You can use the UTL_FILE.FREMOVE Oracle procedure to remove files from a directory. For more information, see FREMOVE procedure in the Oracle documentation.

Monitoring the status of a file transfer

File transfer tasks publish Amazon RDS events when they start and when they complete. The event message contains the task ID for the file transfer. For information about viewing events, see Viewing Amazon RDS events.

You can view the status of an ongoing task in a bdump file. The bdump files are located in the /rdsdbdata/log/trace directory. Each bdump file name is in the following format.

dbtask-task-id.log

Replace task-id with the ID of the task that you want to monitor.

Note

Tasks are executed asynchronously.

You can use the rdsadmin.rds_file_util.read_text_file stored procedure to view the contents of bdump files. For example, the following query returns the contents of the dbtask-1234567890123-1234.log bdump file.

SELECT text FROM table(rdsadmin.rds_file_util.read_text_file('BDUMP','dbtask-1234567890123-1234.log'));

The following sample shows the log file for a failed transfer.

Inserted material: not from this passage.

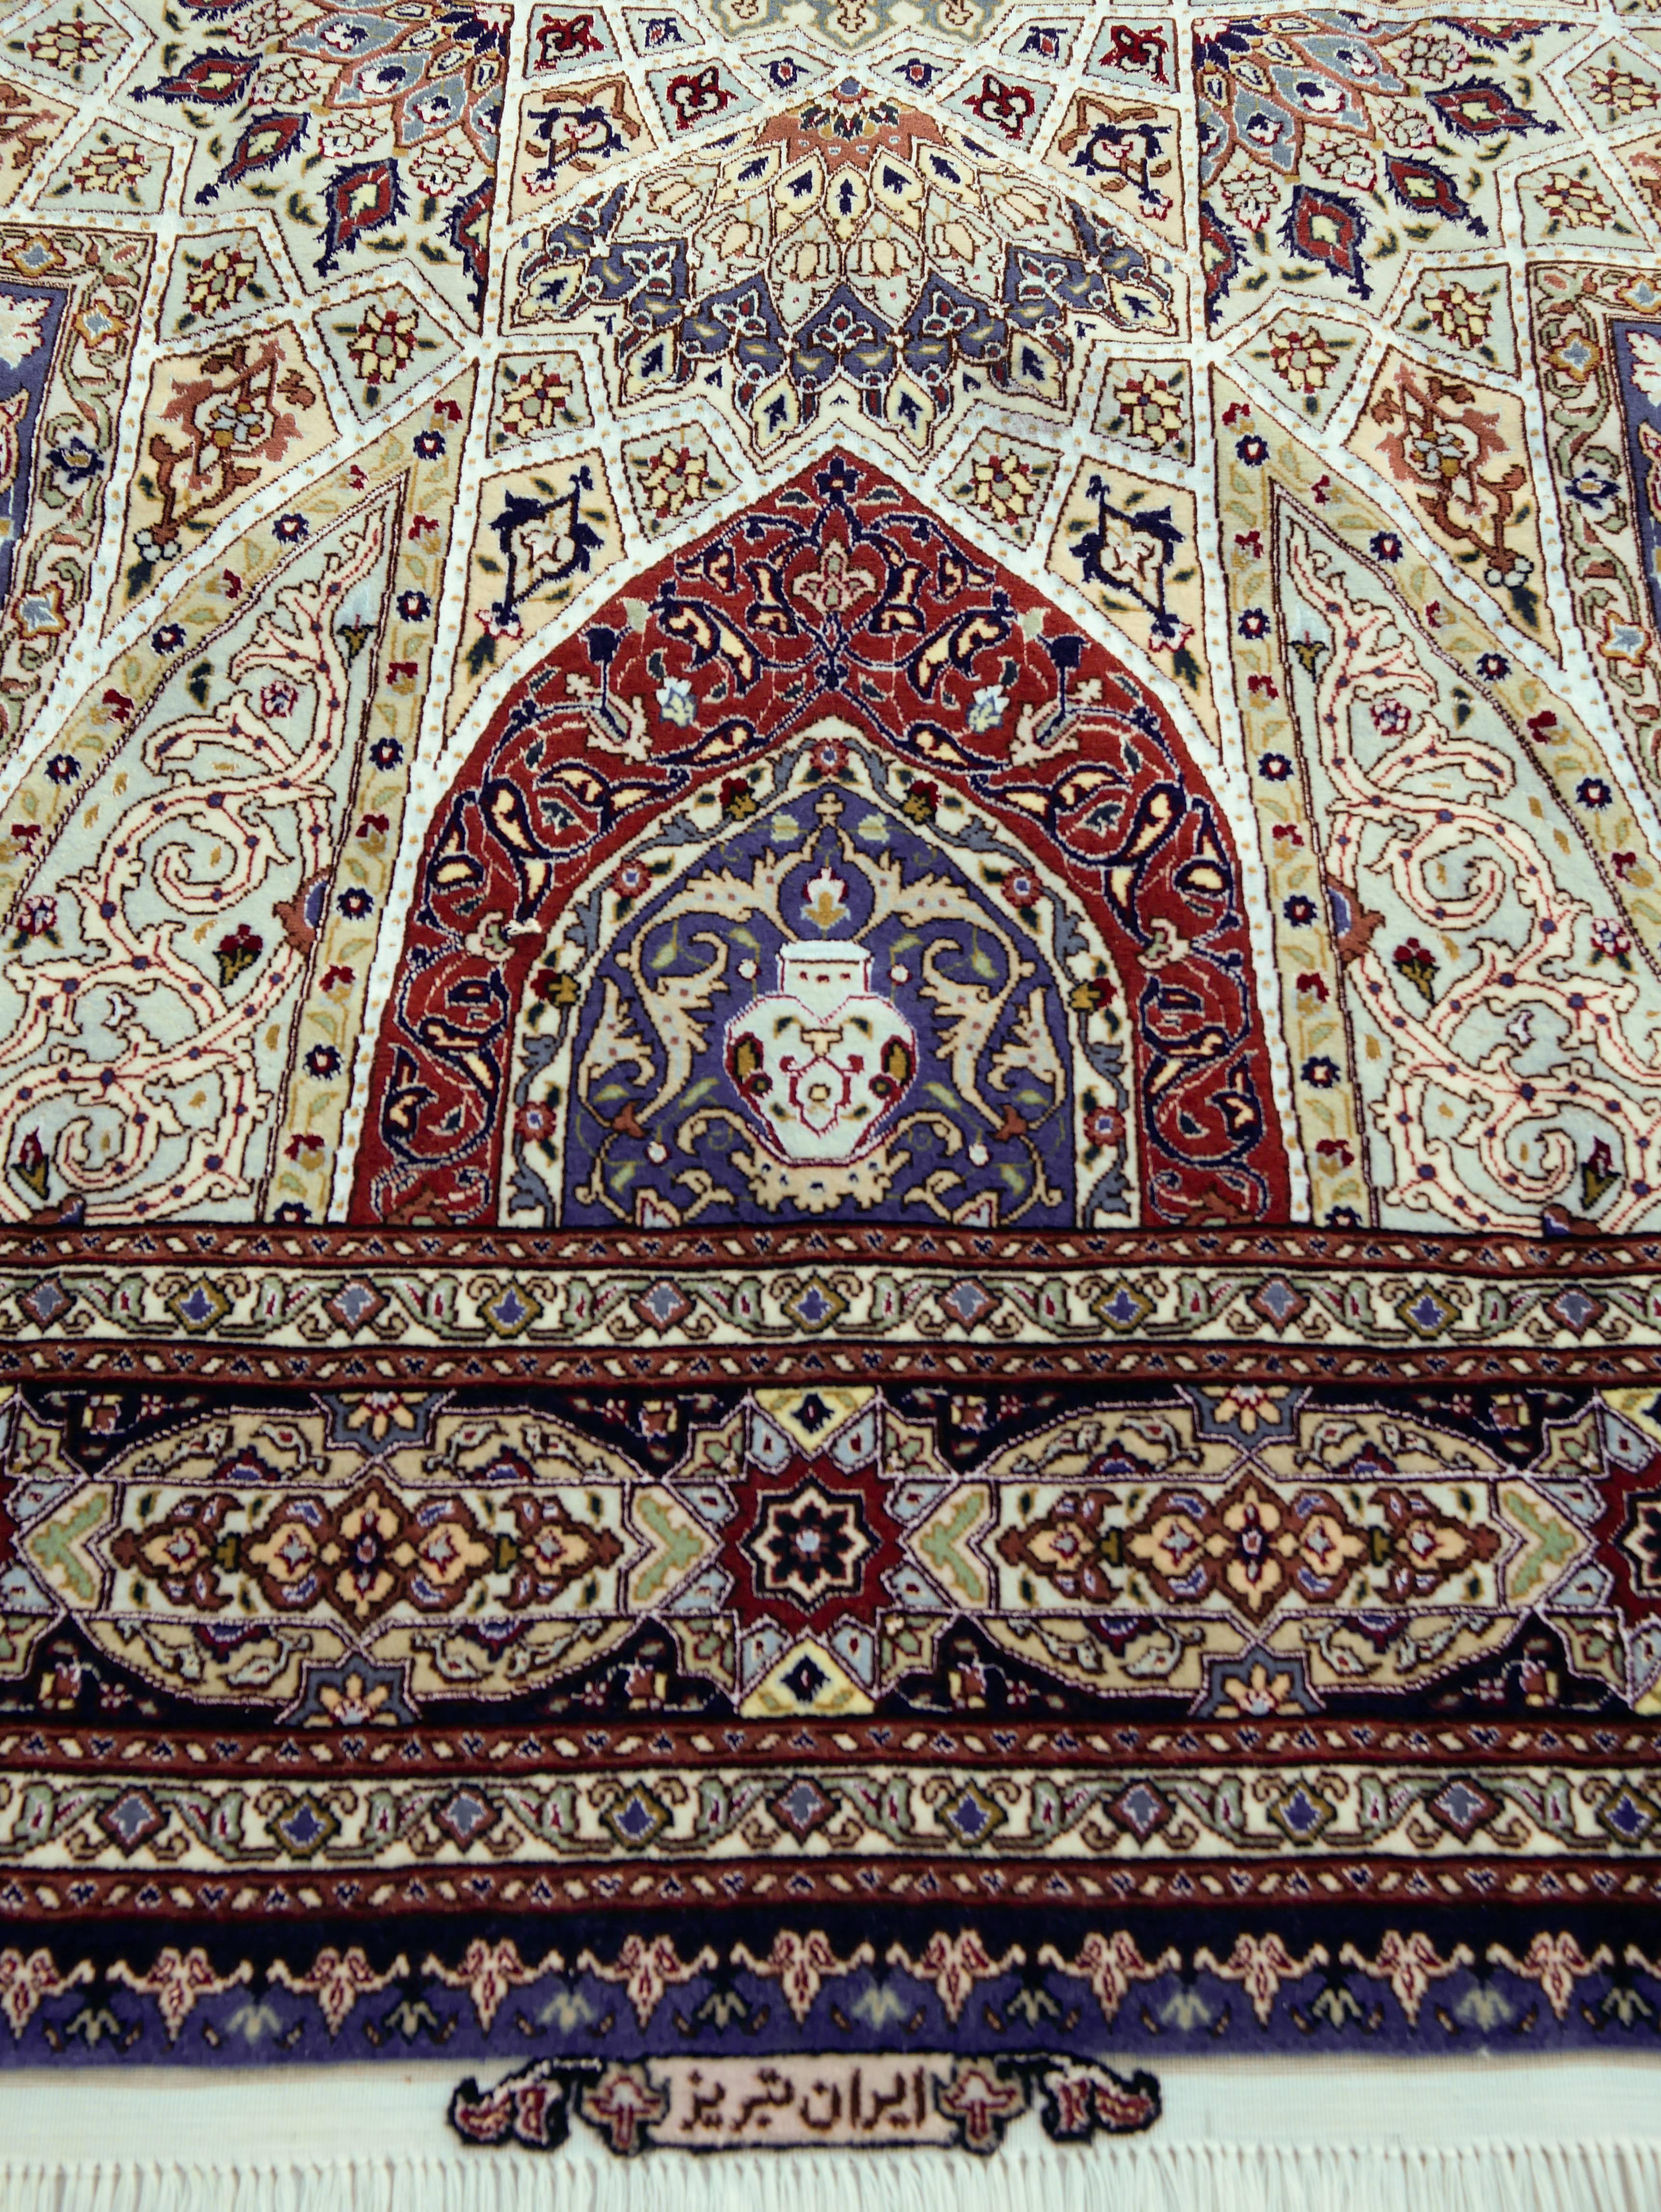 This is a gorgeous new, never ever used authentic Persian 60 Raj (super fine) Tabriz carpet in Isfahan design.
It is said that many Isfahan master weavers draw their inspiration from the ceiling mosaics in the city’s Shah Mosque. This carpet

TASK_ID -------------------------------------------------------------------------------------------------------------------------------------------------------------------------------------------------------------------------------------------------------------------------------------------------------------------------------------------------------------------------------------------------------------------------------------------------------------------------------------------------------------------------------------------------------------------------------------------------------------------------------------------------------------------------------------------------------------------------------------------------------------------------------------------------------------------------------- 1234567890123-1234 TEXT -------------------------------------------------------------------------------------------------------------------------------------------------------------------------------------------------------------------------------------------------------------------------------------------------------------------------------------------------------------------------------------------------------------------------------------------------------------------------------------------------------------------------------------------------------------------------------------------------------------------------------------------------------------------------------------------------------------------------------------------------------------------------------------------------------------------------------- 2023-04-17 18:21:33.993 UTC [INFO ] File #1: Uploading the file /rdsdbdata/datapump/A123B4CDEF567890G1234567890H1234/sample.dmp to Amazon S3 with bucket name amzn-s3-demo-bucket and key sample.dmp. 2023-04-17 18:21:34.188 UTC [ERROR] RDS doesn't have permission to write to Amazon S3 bucket name amzn-s3-demo-bucket and key sample.dmp. 2023-04-17 18:21:34.189 UTC [INFO ] The task failed.